Various privacy-preserving solutions have been proposed, using different kinds of sensors in, over or at the side of roadways [4]. A combination of infrared and ultrasonic sensors (up to 99% accuracy) [12] or magnetic sensors used in roadways and on the side of roadways with accuracy up to 96.4% in the case of using multiple sensor networks [13,14,15]. In addition to previous methods, new methods for traffic congestion monitoring in urban areas were proposed based on GPS, social media data, and network data collected directly from vehicles [16,17,18,19,20]. These methods have contributed to evolving intelligent transport systems (ITSs) and proved clear information of traffic flow and traffic destiny for urban areas. However, most proposed methods have not achieved a classification accuracy comparable to inductive loops and camera-based systems; moreover, they may require special installations, such as loop detectors in the road [21]. Various vibration-based vehicle classification systems have been developed to avoid these shortcomings. Vehicles produce vibrations from two main sources, the engine system and the interaction between the tires and the road [22,23,24]. These signals depend strongly on the size of the vehicle. However, these signals can be hard to identify owing to the complexities of the seismic waveform and the influence of the underlying geology on the propagation of the seismic wave. We have overcome these problems by using artificial intelligence (AI) techniques. Moreover, seismic data are relatively smaller in size than videos recorded by a camera. One hour of a single-channel seismic record is 5 MB, while one hour of video can be 1 GB. For long-term monitoring, smaller data size has a large advantage in data management.

In practice, seismic signals generated by vehicles are hard to distinguish, as most civilian vehicles generate similar vibrations at frequencies below 20 Hz. However, because these signals travel through the ground, they are less sensitive to wind noise, which is an advantage for vehicle detection [25]. Because AI has been instrumental in the dramatic improvement of voice recognition technology in the last decade, such as voice analysis [26], we chose to test the application of similar techniques to recognize vehicles from seismic waves. Furthermore, AI has been widely applied for the classification of seismic events [27,28,29,30]. The application of AI to seismic information for monitoring traffic promises to offer the advantages of low power requirements, easy implementation, and low cost in addition to its advantages in occupant privacy.
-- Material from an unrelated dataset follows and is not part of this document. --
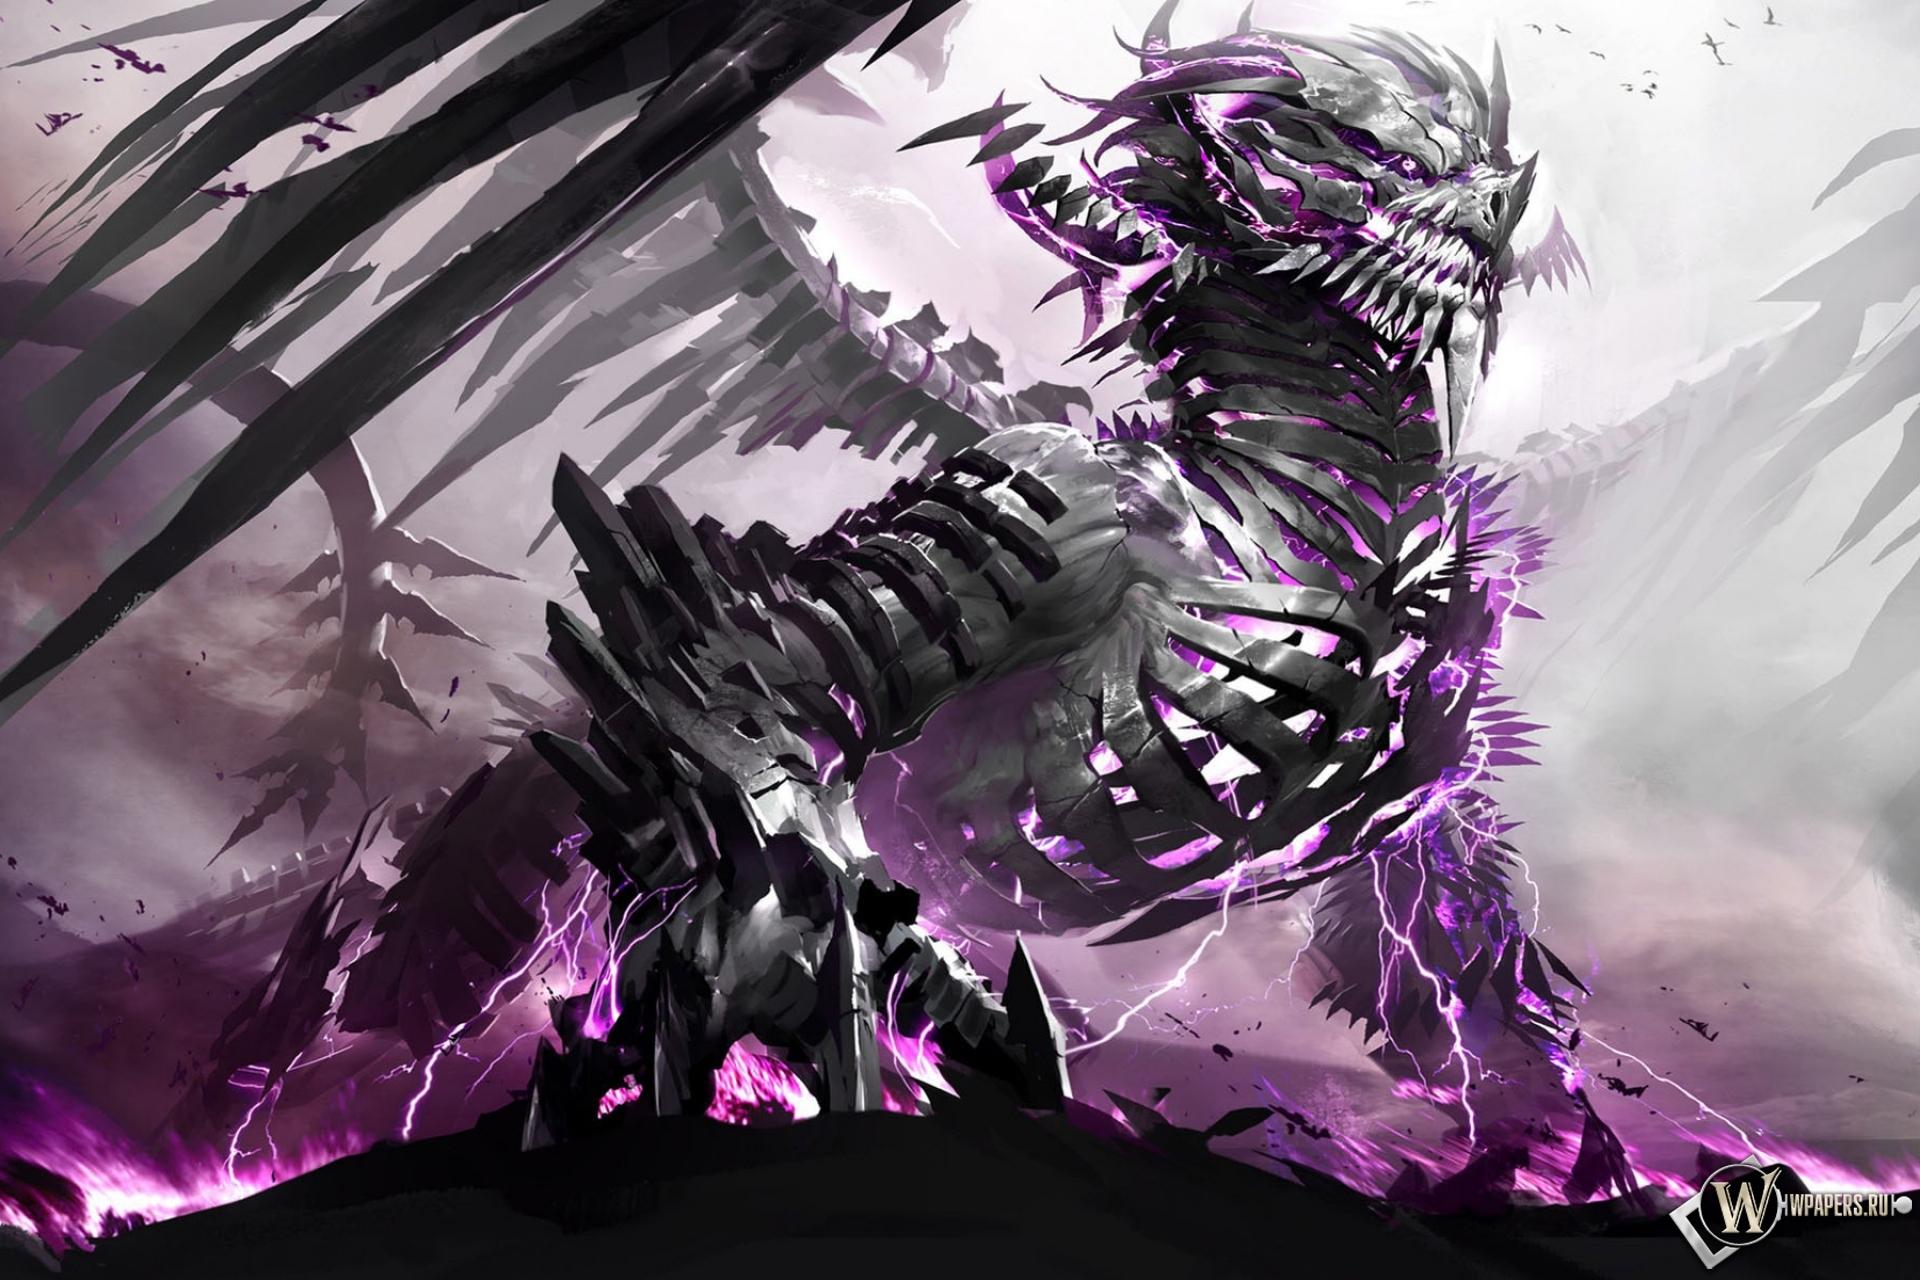 дракон на рабочий стол картинки
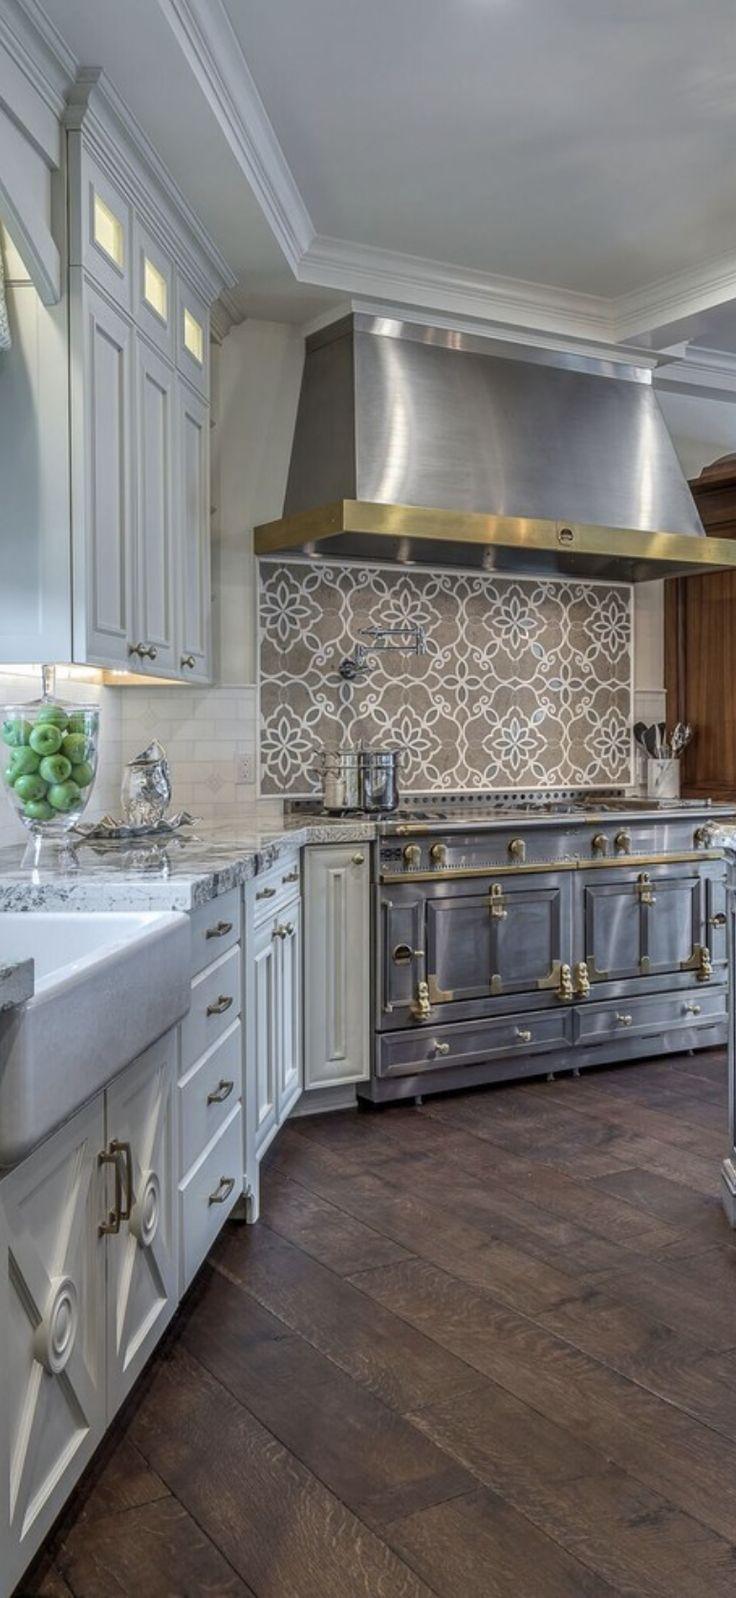 Best 25 Tuscan Kitchen Decor Ideas On Pinterest Kitchen Utensil Organization Rustic Cooking

A study published in 2010 used a neural network to classify vehicles on the basis of seismic data [31]. The study used acoustic data recorded with a microphone to supplement the seismic data, and the best classification accuracy achieved was 92%. Another study published in 2019 relied exclusively on seismic signatures [25]. That study proposed extracting spectral features of vehicle seismic signals, using a log-scaled frequency cepstral coefficient (LFCC) matrix, a step that requires preprocessing the seismic data in the frequency domain. This method achieved classification accuracy as high as 91.39%. However, both studies concerned heavy military vehicles and cannot be generalized to civilian vehicles. Moreover, both approaches could not use raw seismic data without preprocessing or supplementation by other data.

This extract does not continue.